So, perhaps you can tell us where you have gotten the impression that scaffolding is so promising. What studies are you referring to?
Wise.
about point 1, you have posted many times about doing a mielotomy (which you say it improves outcomes) which require cutting the spinal cord.
How do you do that without causing more damage and more scarring?
I think the same procedure might be used to insert a solid scaffold in the spinal cord, does that make sense?
BTW you suggested me this solution using solid scaffolds last time we met in Italy.
About point 2 would you have a look to this study?
http://pubs.acs.org/action/doSearch?...ation=40025957
It seems that axons have crossed the scaffold and functional recovery has been seen and documented by electrophisiology.
While I agree that it is not something ready for clinical trials tomorrow (but maybe sooner than Cethrin and Muse cells) I would look into it (if you haven't yet) also because it is something done on animals one month after SCI, which should be close to chronic, while Cethrin and Muse cells have been tested just on acute that I know.
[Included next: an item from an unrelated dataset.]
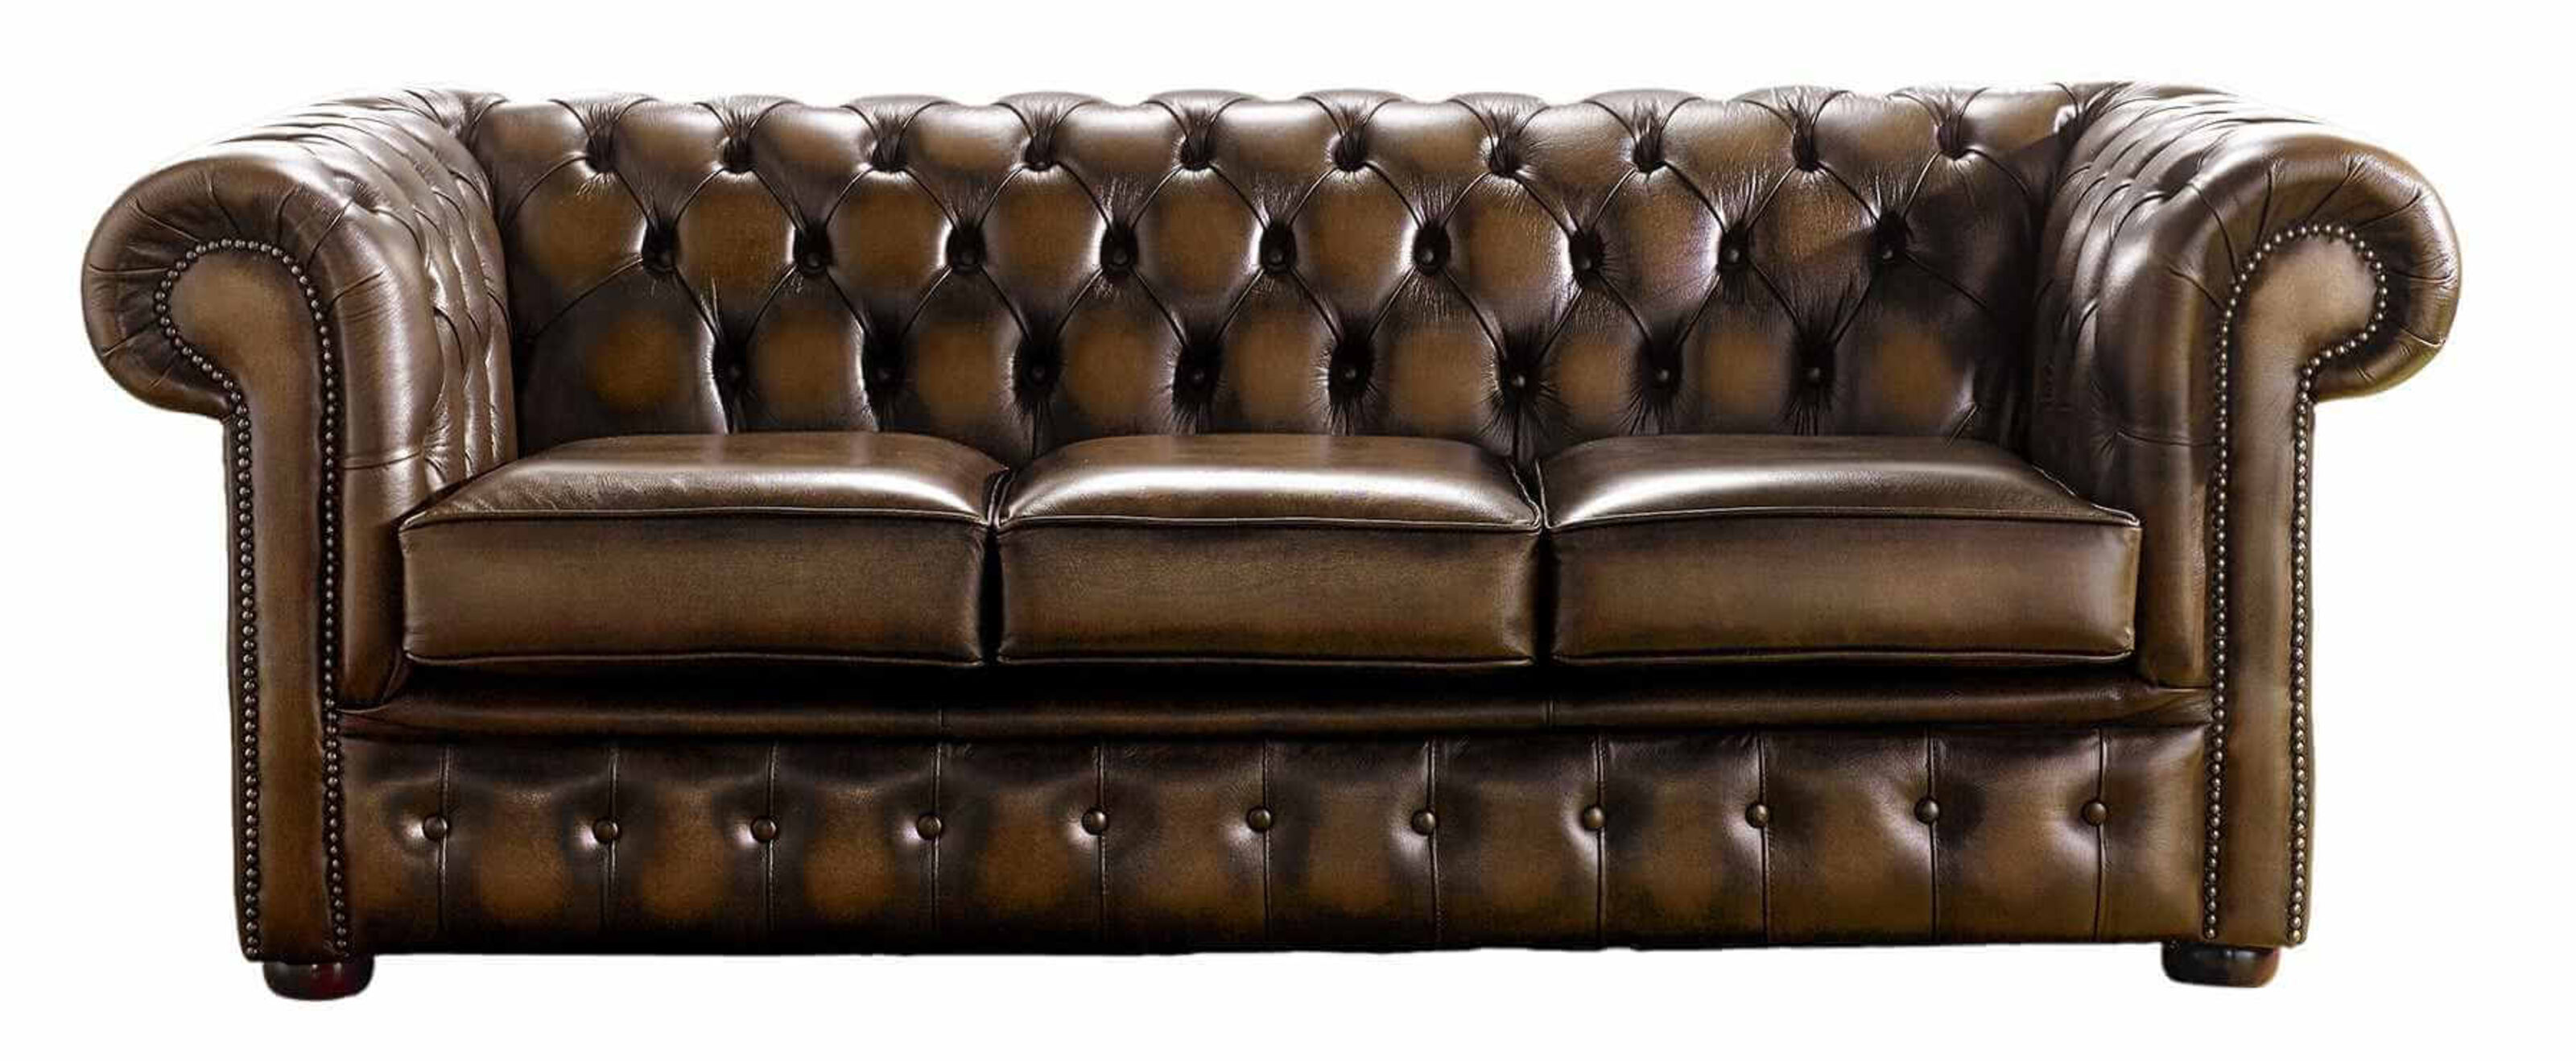 Discover the Timeless Elegance of a Wing Chair Leather Sofa  %Post Title

About your point 3, what about people with a very severe SCI if not anatomically complete SCI, how do you bridge the gap in these people? Maybe a solid scaffold could help? Or a peripheral nerve bridge may work better?
One more question, InVivo is investing a lot in biomaterials and planning clinical trials, do you thing it is built just around "hot air"? .. and you know I am not super excited about InVivo, but I would think they should have something.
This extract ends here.